XDS
XDS

Reputation: 4188

IMAP search command with UTF-8 charset in C#

C# Imap search command with special characters like á,é

I am trying to implement the logic mentioned in the above post in C# to achieve non-ascii based searches in gmail. After logging in successfully to imap.gmail.com I am having the following transaction with the server:

(C -> S) Encoding.Default.GetBytes("A4 UID SEARCH CHARSET UTF-8 TEXT {4}\r\n");
(C <- S) "+ go ahead\r\n"
(C -> S) Encoding.Default.GetBytes("αβγδ\r\n");
(C <- S) "* SEARCH 72\r\nA2 OK SEARCH completed (Success)"

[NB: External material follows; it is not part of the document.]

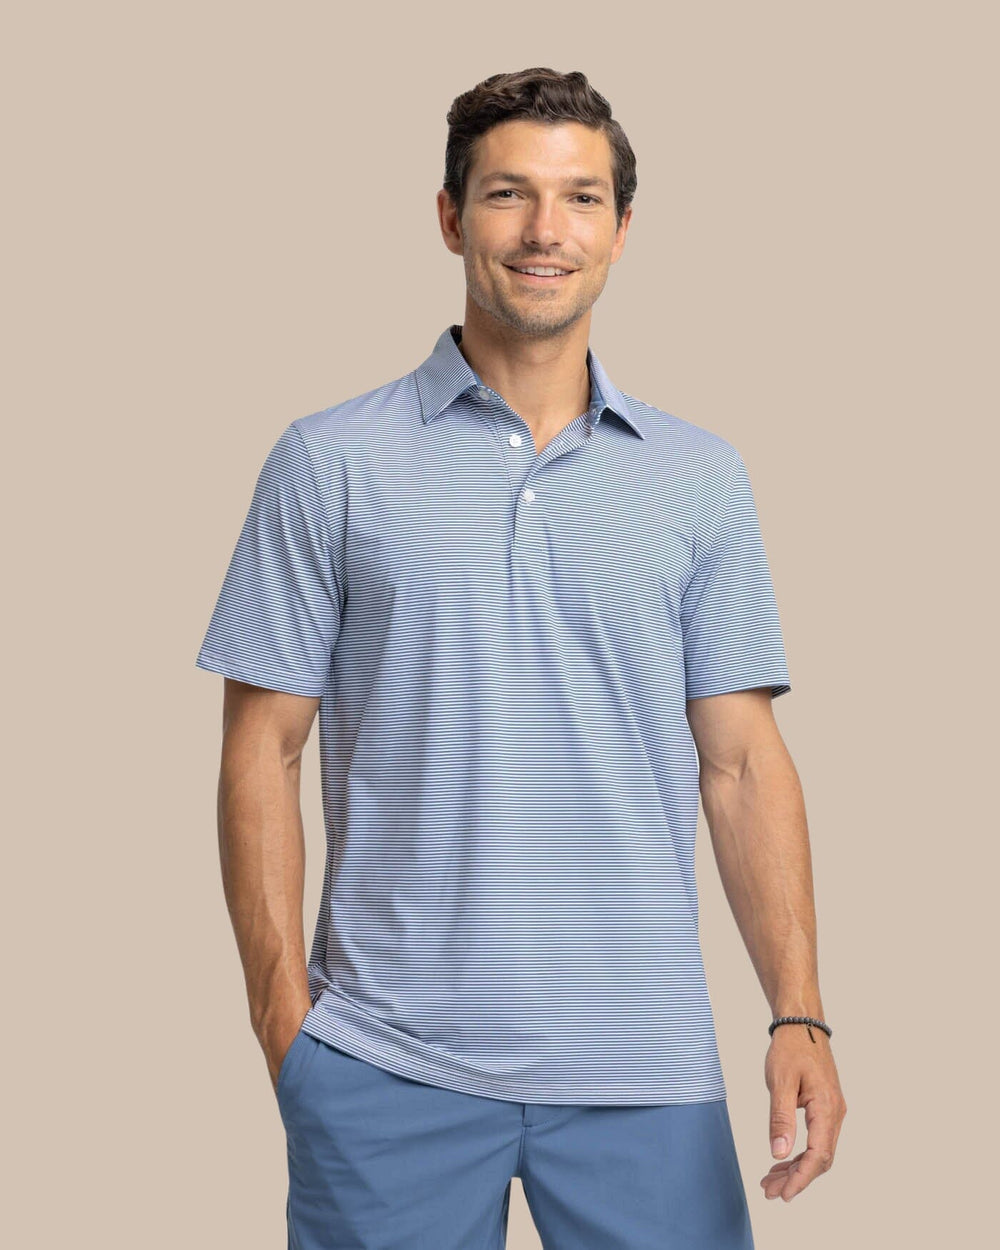 The front view of the Southern Tide brrr-eeze Meadowbrook Stripe Polo by Southern Tide - Aged Denim

However the email denoted by the response of the server is completely irrelevant to the search term I provided. This only happens when using non-ascii characters in the keywords and I believe I have something wrong with the encoding.

I have also tried using Encoding.Ascii but then I get search results that are even more off target.

What is the proper way to send the string literal: "αβγδ\r\n"

Upvotes: 1

Views: 2325

Answers (1)

nosid
nosid

Reputation: 50044

For the search term, you are using a so-called literal. The length of the literal has to be specified in octets. That's not the case in your example. The string "αβγδ" encoded in UTF-8 consists of more than four octets.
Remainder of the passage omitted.